New AI benchmarks arise for useful work and agentic AI: GDPval, GAIA2, SWE-Bench Pro. AI models are getting faster, cheaper, better, and more agentic, by scaling RL post-training.

Sep 30, 2025

Figure 1. AI art - stained-glass tiger. Sometimes, you have to take a step back to see the bigger picture.

Trends in the News

My most recent AI weekly news report was packed with new AI models and new AI product releases. After a lull in August, the fall AI release season is in full swing. There was so much that I had to skip noteworthy progress in evaluations and other newsworthy items.

Just looking at the dizzying number of new AI products might cause us to miss the forest for the trees. Each individual new release is an incremental improvement on what came before, but taking a higher-level view helps you make out the overall trajectory and trends in AI.

This article shares two key trends and meta-stories behind recent AI news:

New evaluations are replacing old, saturated benchmarks and cover what matters now: Useful work (GDPval), and Agentic AI (GIAA2, SWE-Bench Pro).
AI models are getting faster, cheaper, better, and more useful for agentic AI – all at the same time. Scaling RL post-training is paying off.

Evaluating Useful AI: GDPval

Existing AI benchmarks are getting saturated; the latest example was Qwen team claiming Qwen3-max thinking scores 100% AIME 25. Most existing benchmarks don’t capture the complexity and richness of real-world long horizon tasks that are most useful. Metrics to evaluate the latest frontier AI models are weak.

To better track AI models on real-world use cases, OpenAI introduced GDPval, a new evaluation measuring models on economically valuable tasks across 44 occupations. OpenAI sees GDPval as the next step in the progression of AI benchmarks in increasing real-world complexity. Each generation of AI benchmark - MMLU, SWE-Bench, SWE-Lancer, and now GDPval – have captured more complex and valuable tasks.

GDPval differs from other benchmarks by being more complex in the inputs, outputs and tasks. GDPval task inputs are not just text prompts but include reference files and context. GDPval evaluates work product outputs, which could be documents, slides, diagrams, spreadsheets, or multimedia. GDPval specifically measures over a thousand real-world tasks:

The GDPval full set includes 1,320 specialized tasks (220 in the gold open-sourced set), each meticulously crafted and vetted by experienced professionals with over 14 years of experience on average from these fields. Every task is based on real work products, such as a legal brief, an engineering blueprint, a customer support conversation, or a nursing care plan.

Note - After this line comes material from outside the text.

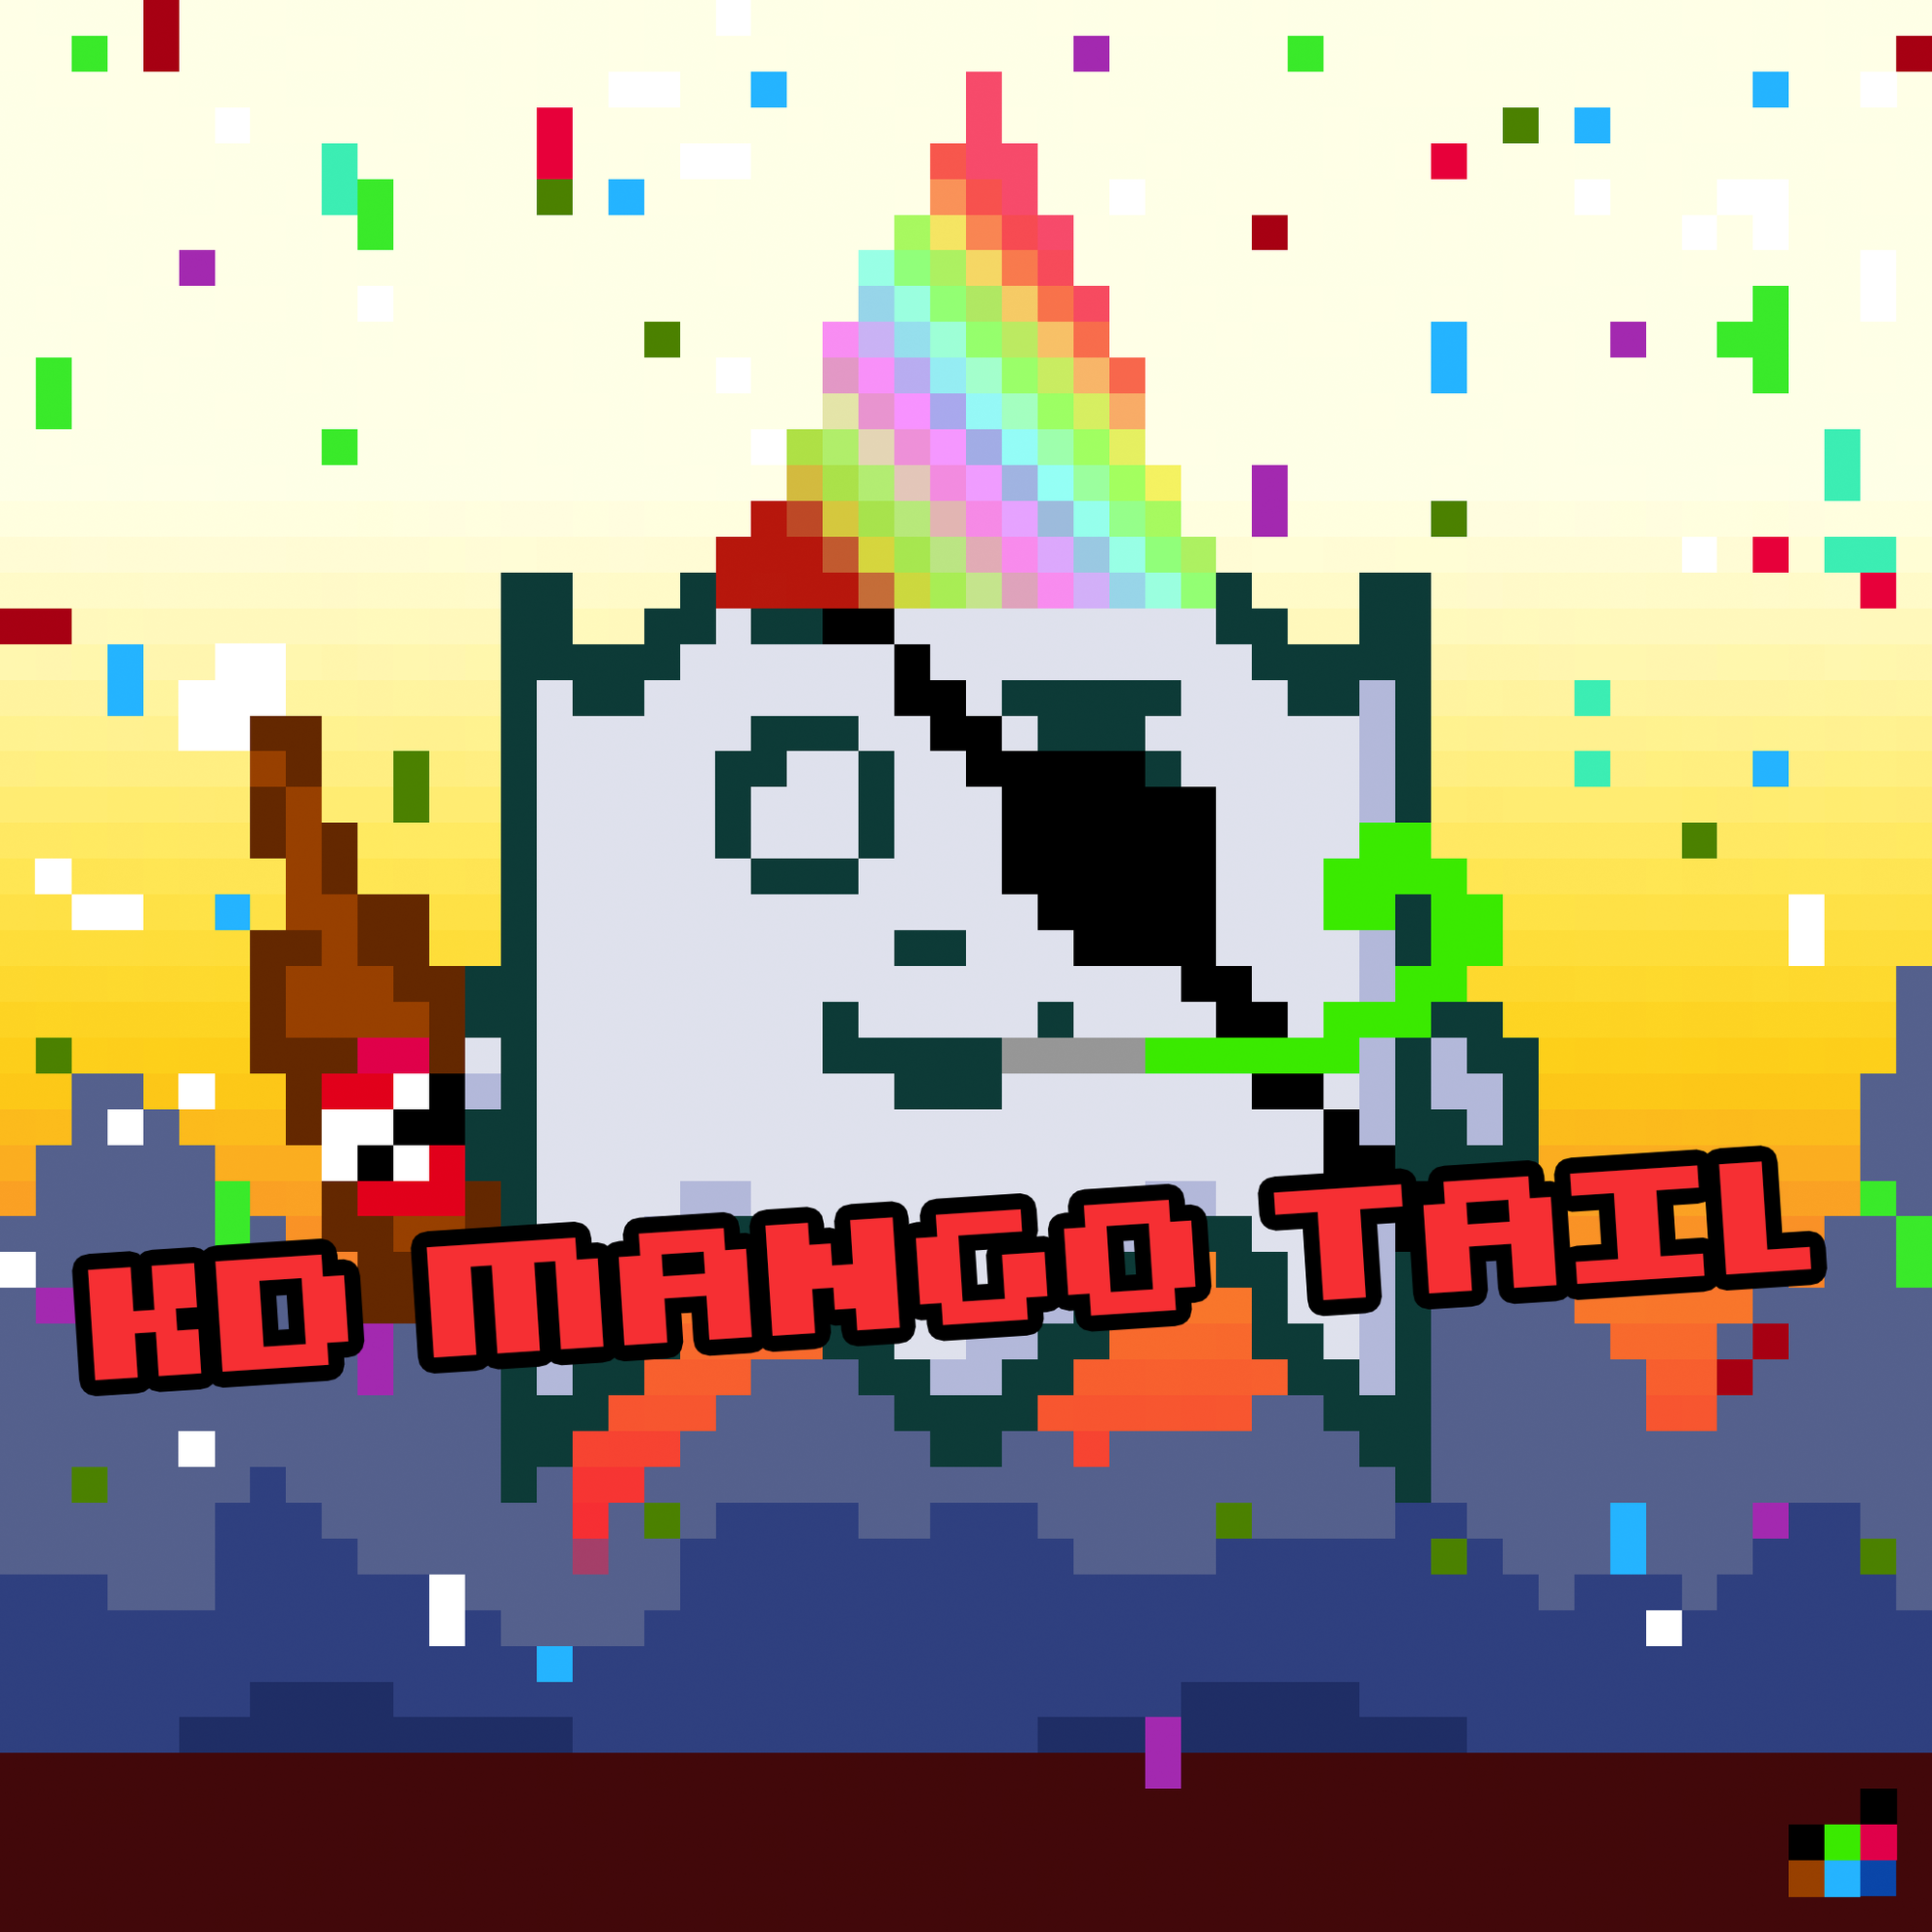 KD Mango Tail

Thus, GDPval evaluates agent AI tasks that have useful relevance on diverse work contexts. They were able to test various frontier AI models, and found, interestingly enough, that Claude 4.1 Opus and not GPT-5 was the highest performing AI model on this benchmark.

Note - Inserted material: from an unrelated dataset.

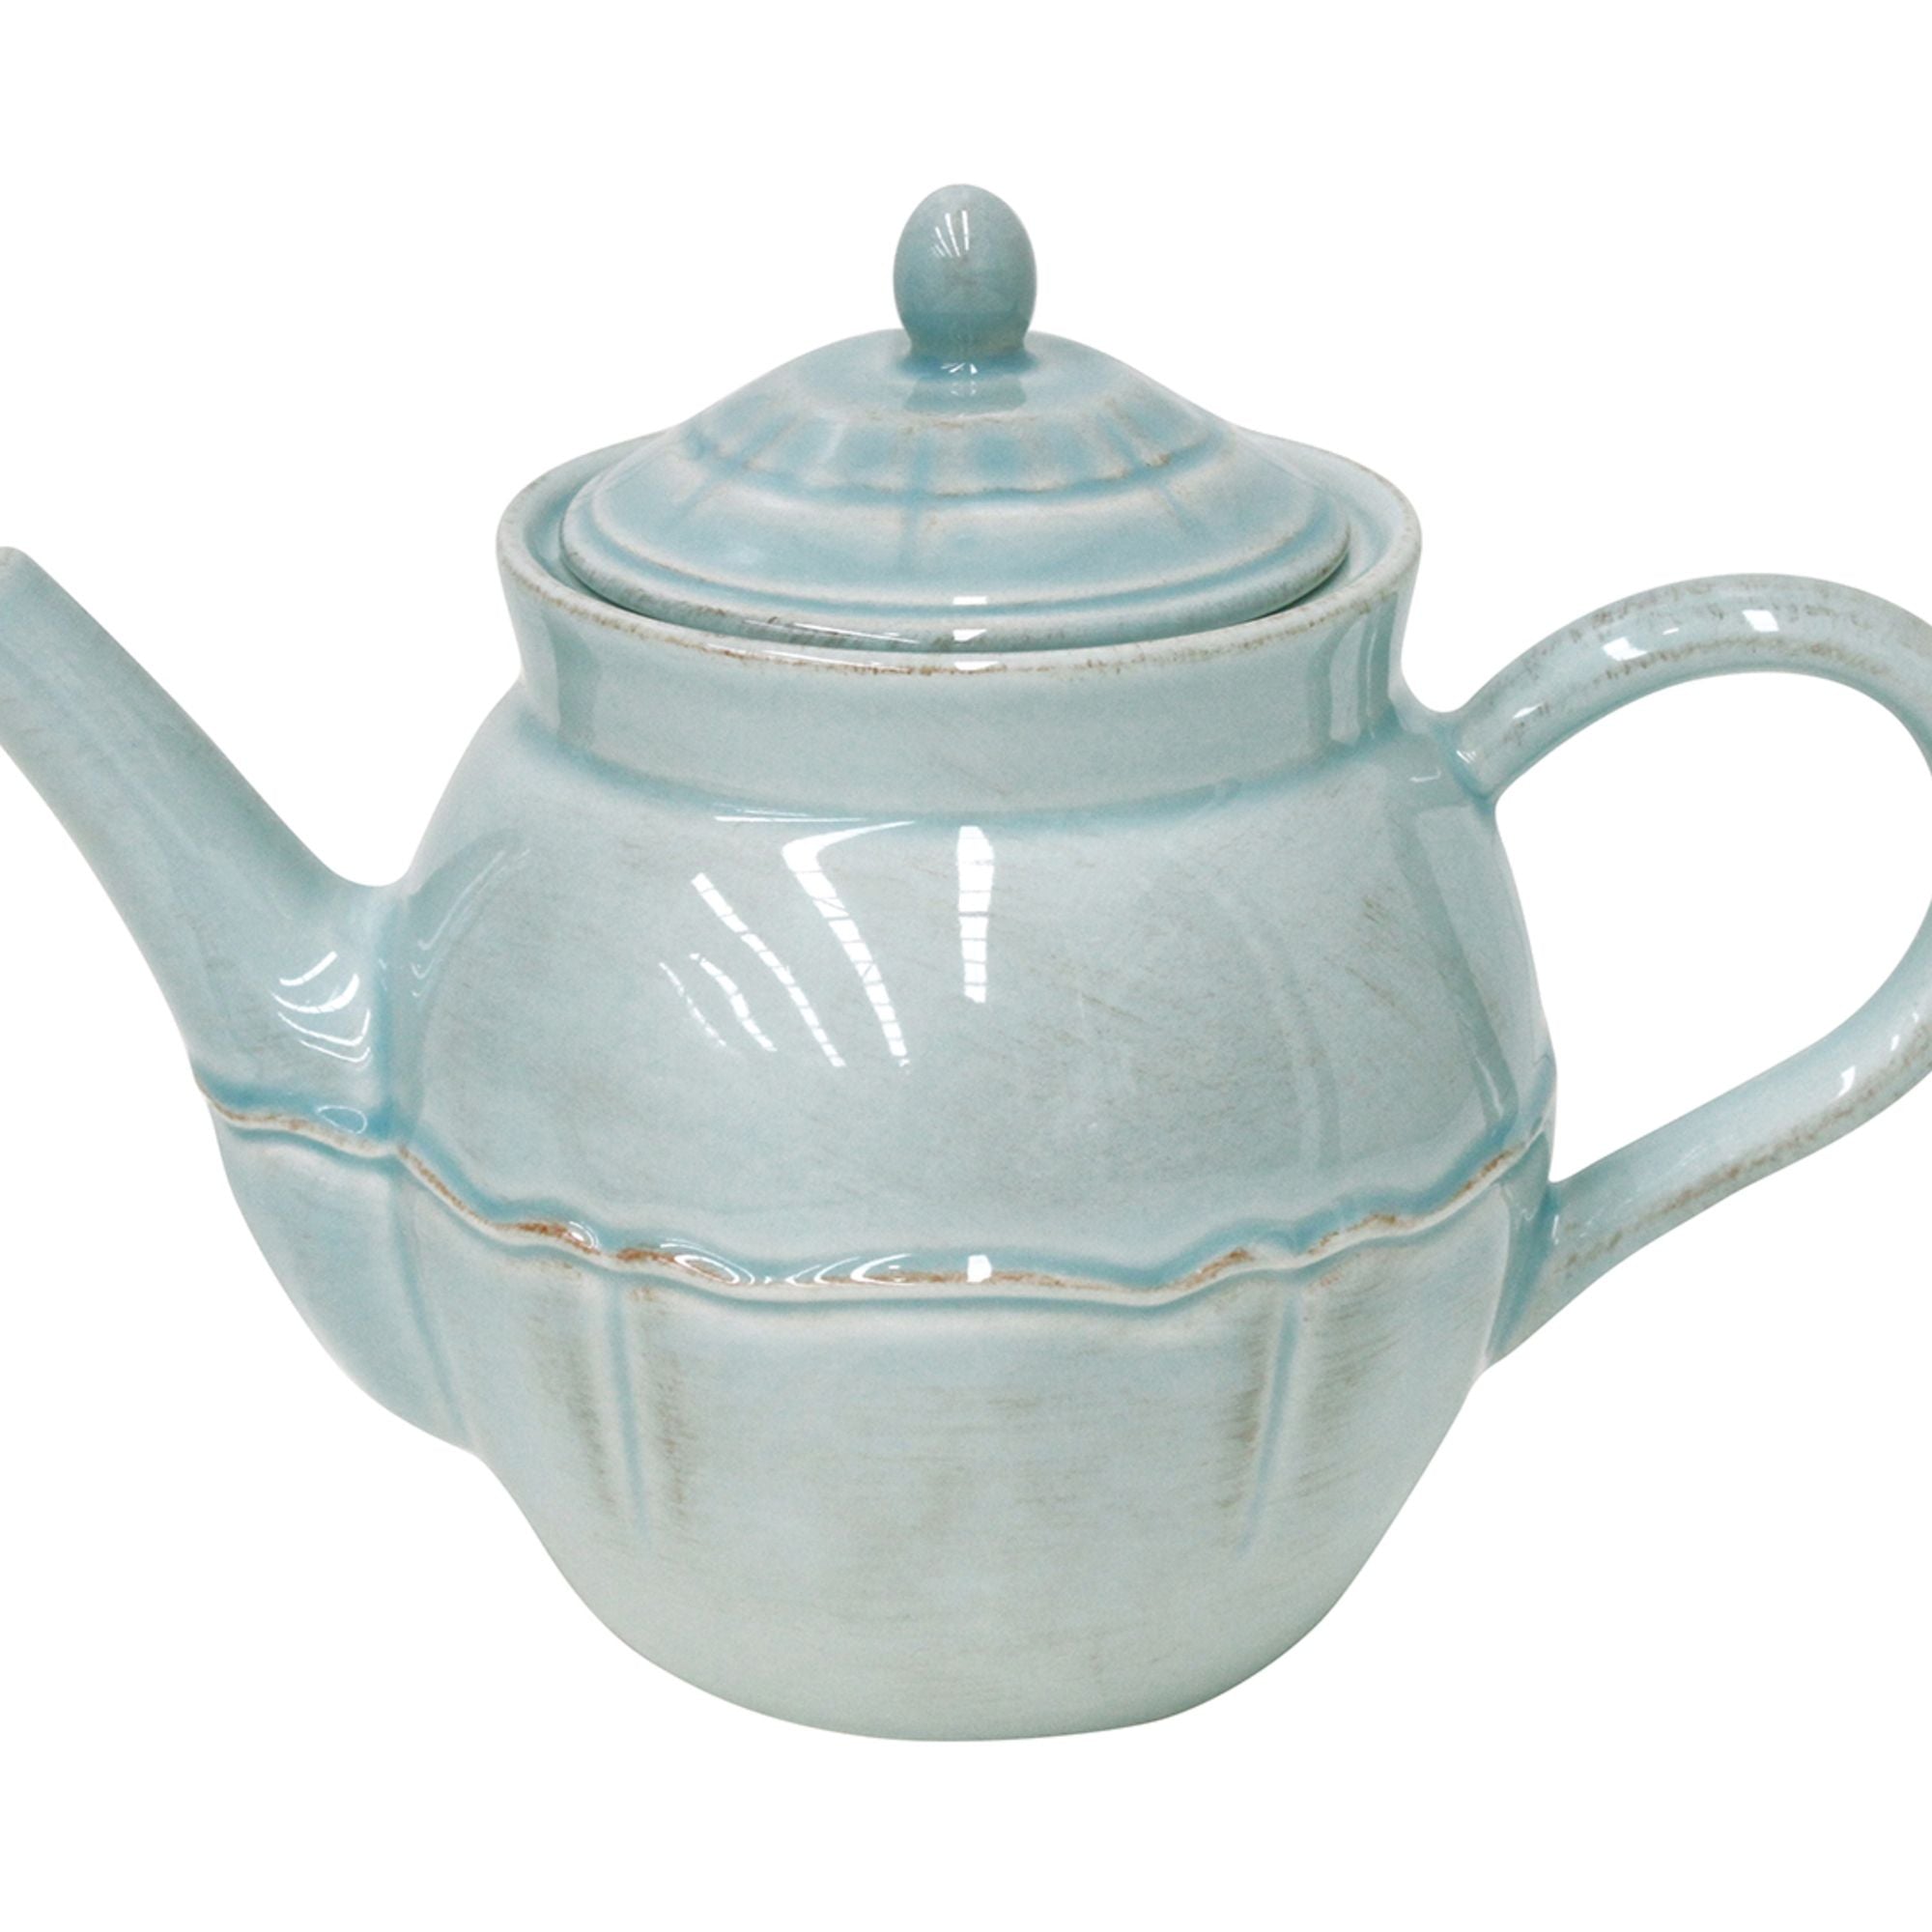 Alentejo Tea Pot 51 oz. Turquoise

A graph of blue rectangular bars

AI-generated content may be incorrect. — Figure 2. The performance of frontier AI models on economically useful tasks. Claude Opus 4.1 stands out for its ability to generate outputs near parity to human professionals.

Sharing results, OpenAI notes that “frontier models can complete GDPval tasks roughly 100x faster and 100x cheaper than industry experts,” but that metric doesn’t include the overhead of human oversight.

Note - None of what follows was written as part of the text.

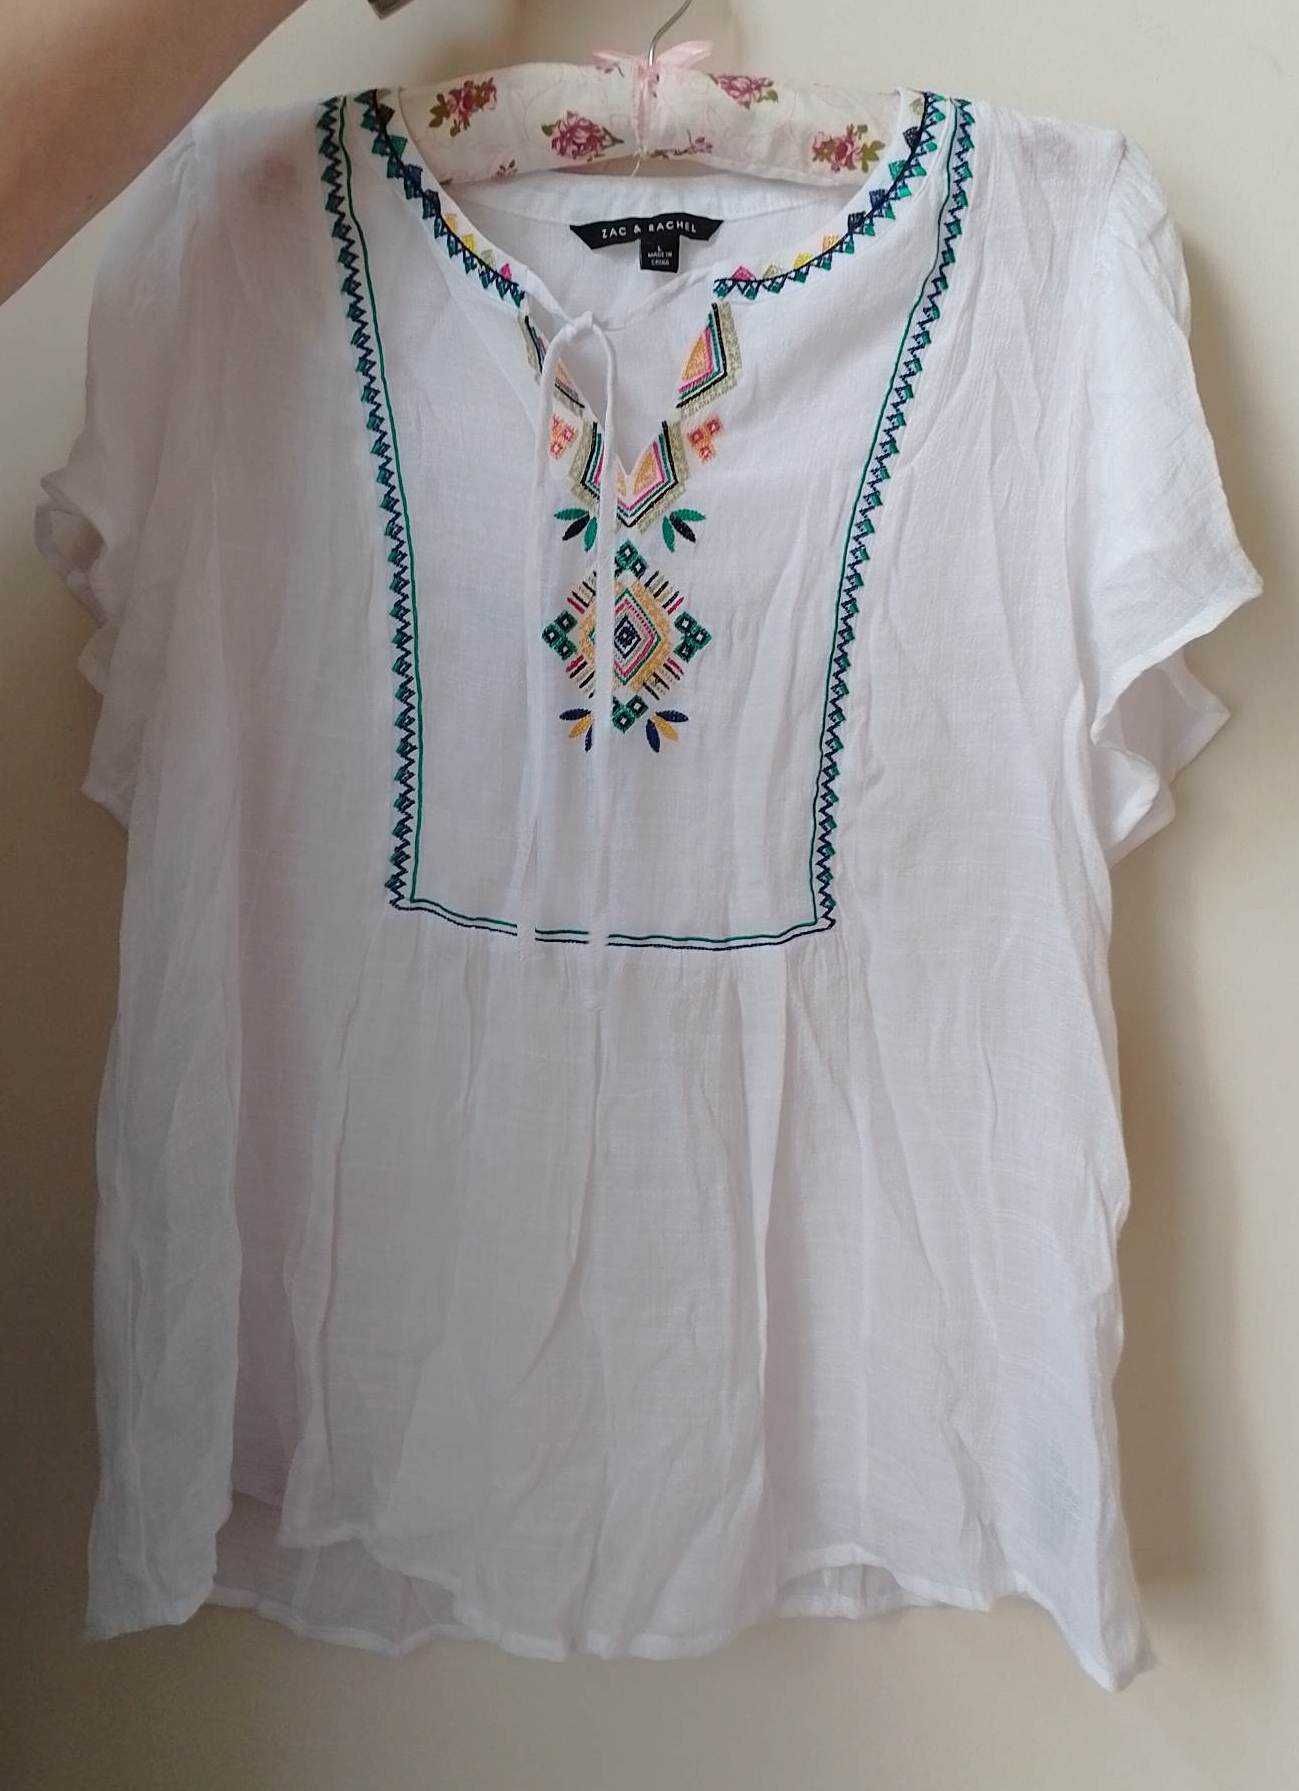 Жіноча вишита сорочка Zac & Rachel (Нова), Розмір - L , ціна - 499 грн

We see both good and bad outcomes from this massive output boost: On the plus side, AI is now good enough to tackle many economically useful tasks, if you can manage inputs, contexts, and expectations. On the negative side, AI is able to quickly produce vague, cliché-filled reports with little real value - AI work-slop.

GDPval may tease out those differences between the AI ‘slop’ and useful output, as it uses human evaluators to judge results.

GDPval can be considered a benchmark for AGI, since AGI is defined by many as AI that can do as well as the average human on real-world tasks. Going by the progress of AI models on this benchmark, AGI is not far off.

Updated Evaluations for Agentic AI: GAIA2 and SWE-Bench Pro

Hugging Face announced the GAIA 2 agentic AI benchmark, which is an update on the GAIA benchmark that adds a thousand new human-authored scenarios in execution, search, ambiguity handling, temporal reasoning, agent collaboration, and adaptability.

GAIA2 runs with the Meta Agents Research Environments (ARE). The ARE environment can be used beyond GAIA2 as a platform for evaluating and researching AI agent behavior.

The motivation for GAIA2 is the advance in AI agent capabilities:

In 2 years, the easiest levels have become too easy for models, and the community is coming close to solving the hardest questions, so it was time for an entirely new and harder agent benchmark!

The GAIA 2 benchmark includes time and budget constraints and forces agents to chain steps, making many tasks challenging and comparable to real-world use. Results show that AI models with good ability to plan, iterate and handle long-horizon tasks do best on the GAIA2 benchmark. GPT-5 (high) came out on top.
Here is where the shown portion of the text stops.